下記は、利便性の為に記載されたものです。実際はマニュアルなどを読み、設定してください。
- Oracle Solaris コンテナで Oracle Databaseを実行するためのベストプラクティス
- Best Practices for Running Oracle Databases in Oracle Solaris Containers
Global Zoneの準備
Swapの増加
たとえば256GBに増加したい場合は、Global ZoneのSwapを増やします。
zfs set volsize=256g rpool/swap
確認は下記の様に行います。
swap -l
増加時に再起動は要りませんが、設定した瞬間に多少、もたつく時間がかかり、swapコマンドでみると、複数のSwapエリアがあるように見えます。しかし、reboot後は、エントリが一つにまとめられます。

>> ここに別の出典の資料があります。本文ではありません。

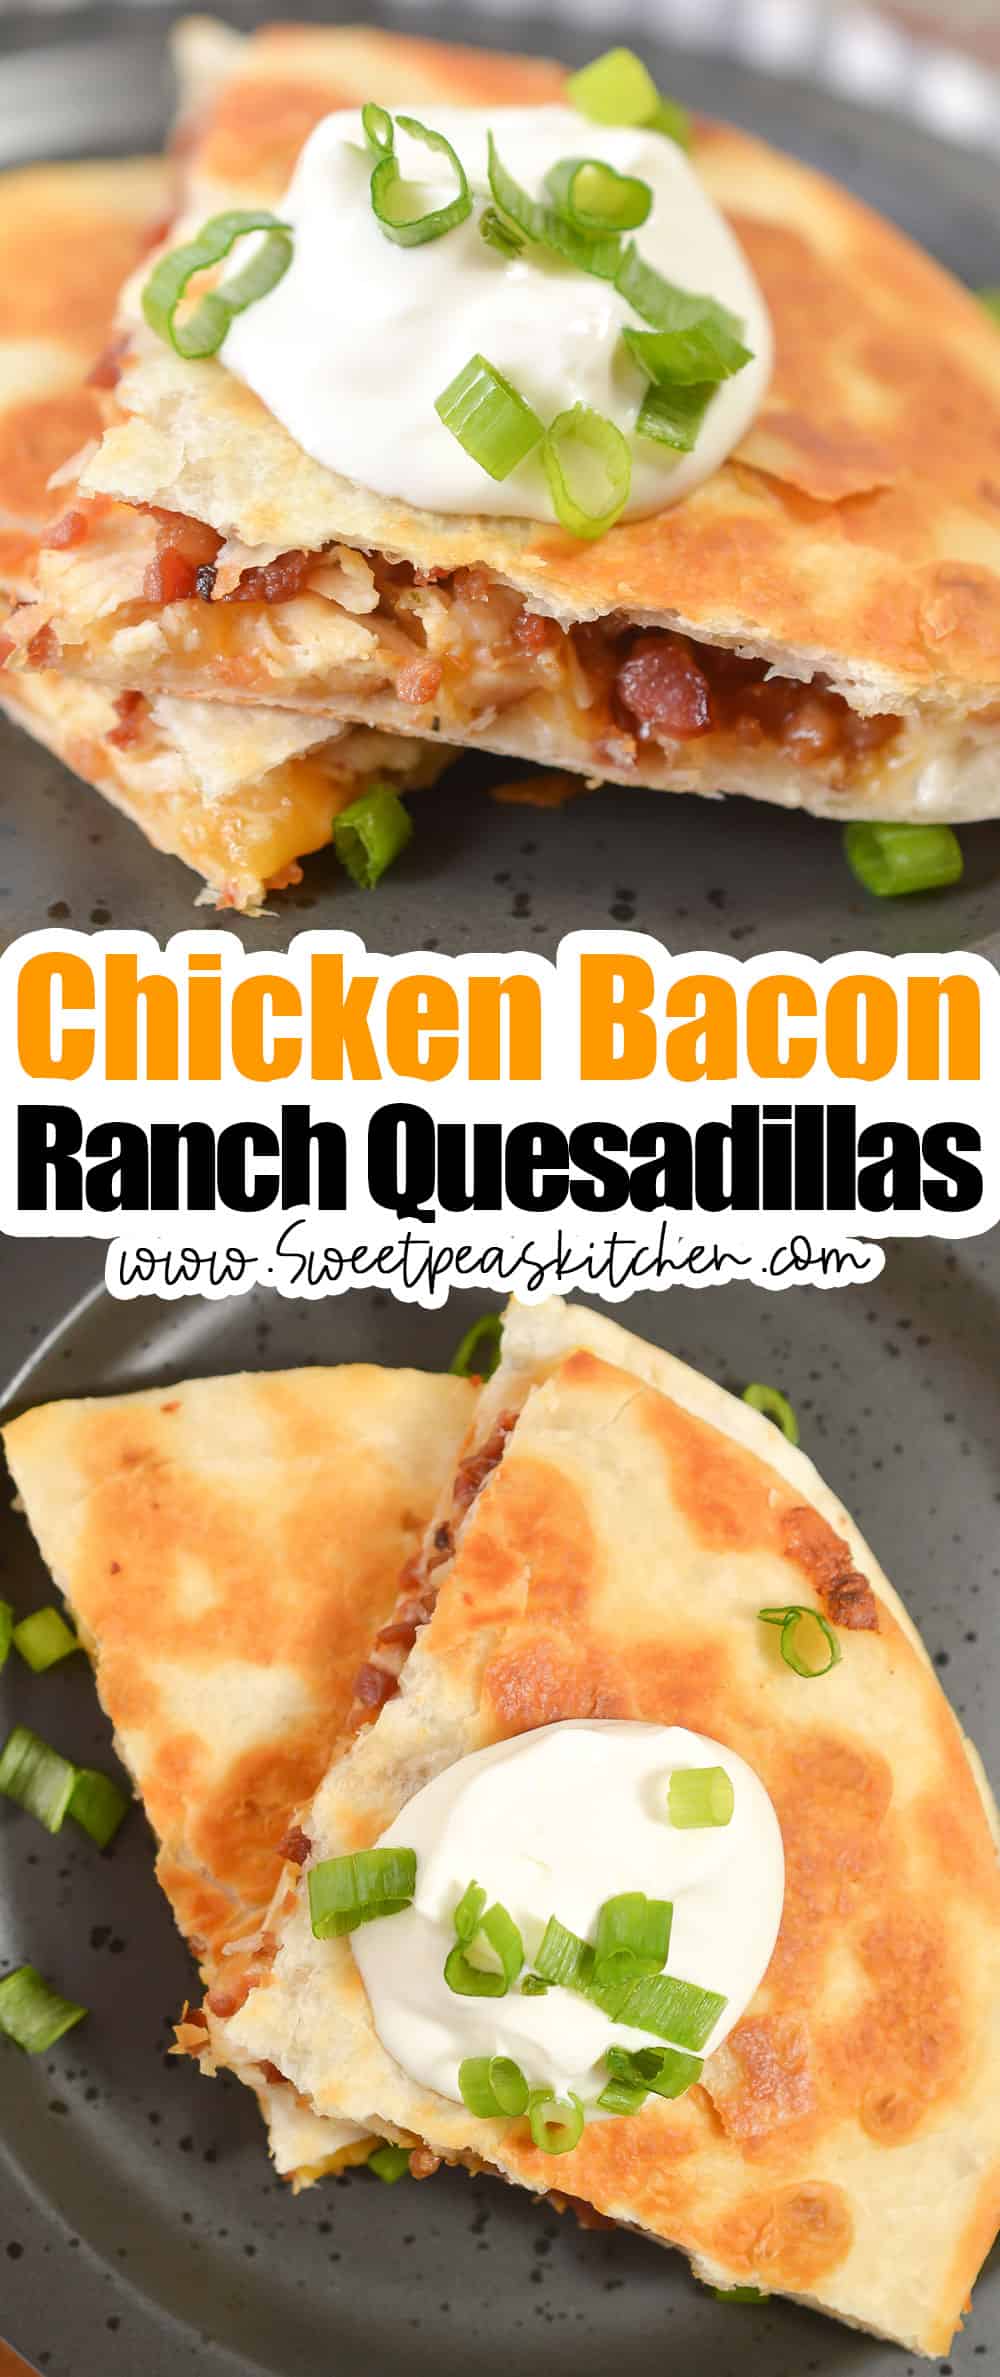 Chicken Bacon Ranch Quesadillas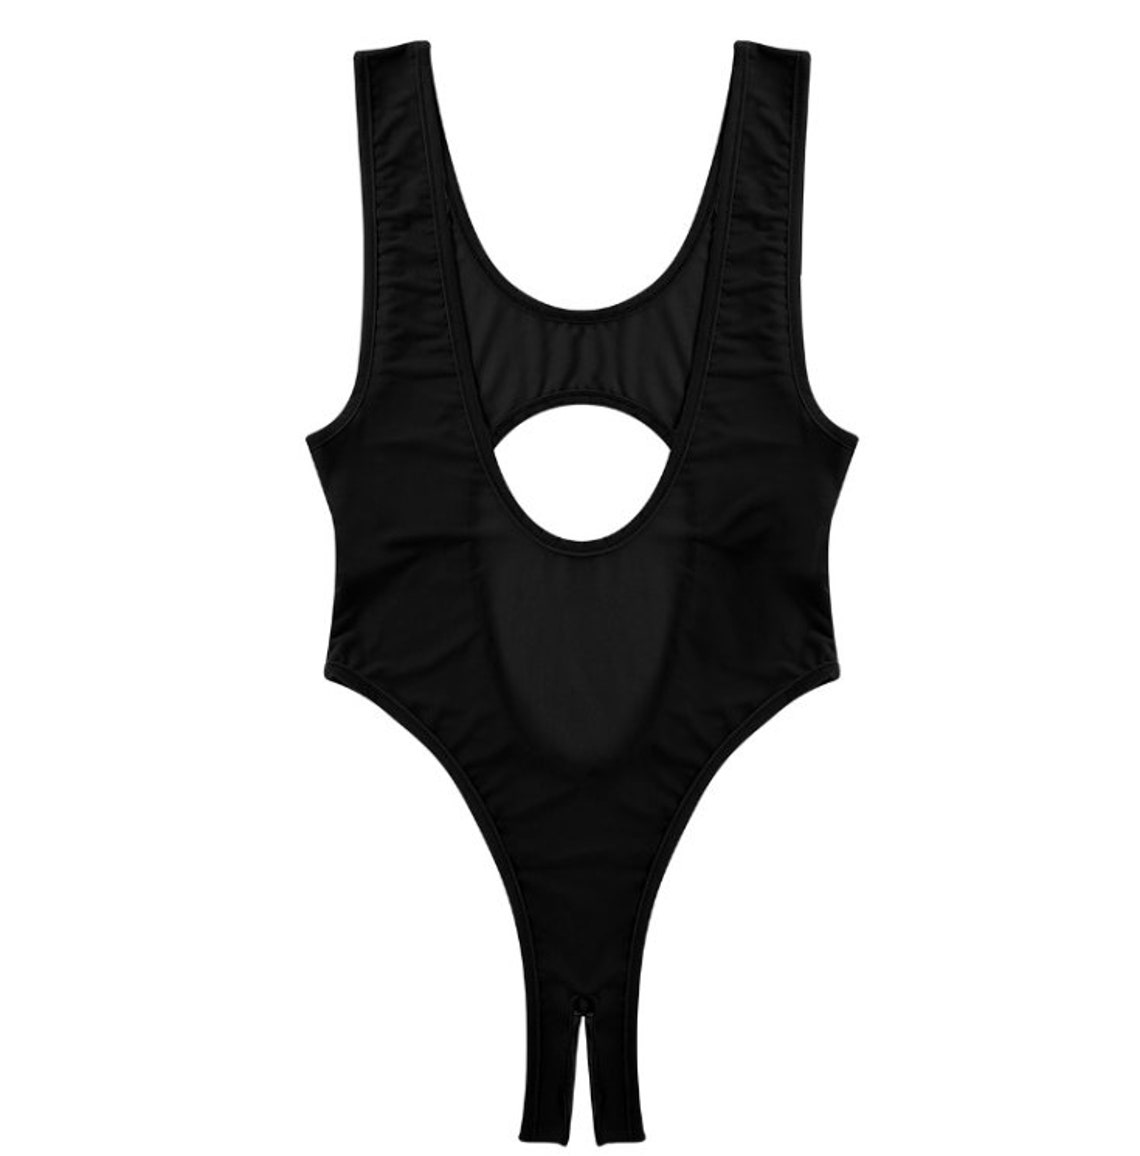 Crotchless Lingerie Crotchless Bodysuit Crotchless Bikini | Etsy New ...

Solarisにおいて、Zoneは複数作られる可能性が高いので、Global Zoneは大きめに設定しておく方が良いでしょう。
また、Solarisのメモリマネージャの構造から、搭載してるメモリと同程度〜2倍ぐらいが目安と言われています。
non Global Zone準備
non Global Zoneの作成
Oracle Database を動かす non-global zone を作成します。
sudo zonecfg -z oracle-zone01 create -b set brand=solaris set zonepath=/dpool1/zones/oracle-zone01 set autoboot=true set ip-type=exclusive ---- NICやディスクなどの設定は割愛 ----
Oracle DBは、CPUがコアライセンスになることが多いため、必要に応じてコアを定義します。下記は、8コア目から12コア目の4コアをアサインしています。Zoneのdedicated-cpuは、Oracle Databaseでいう「Hard Partitioning」に相当します。※詳しくはOracle Databaseのライセンスを調べて下さい。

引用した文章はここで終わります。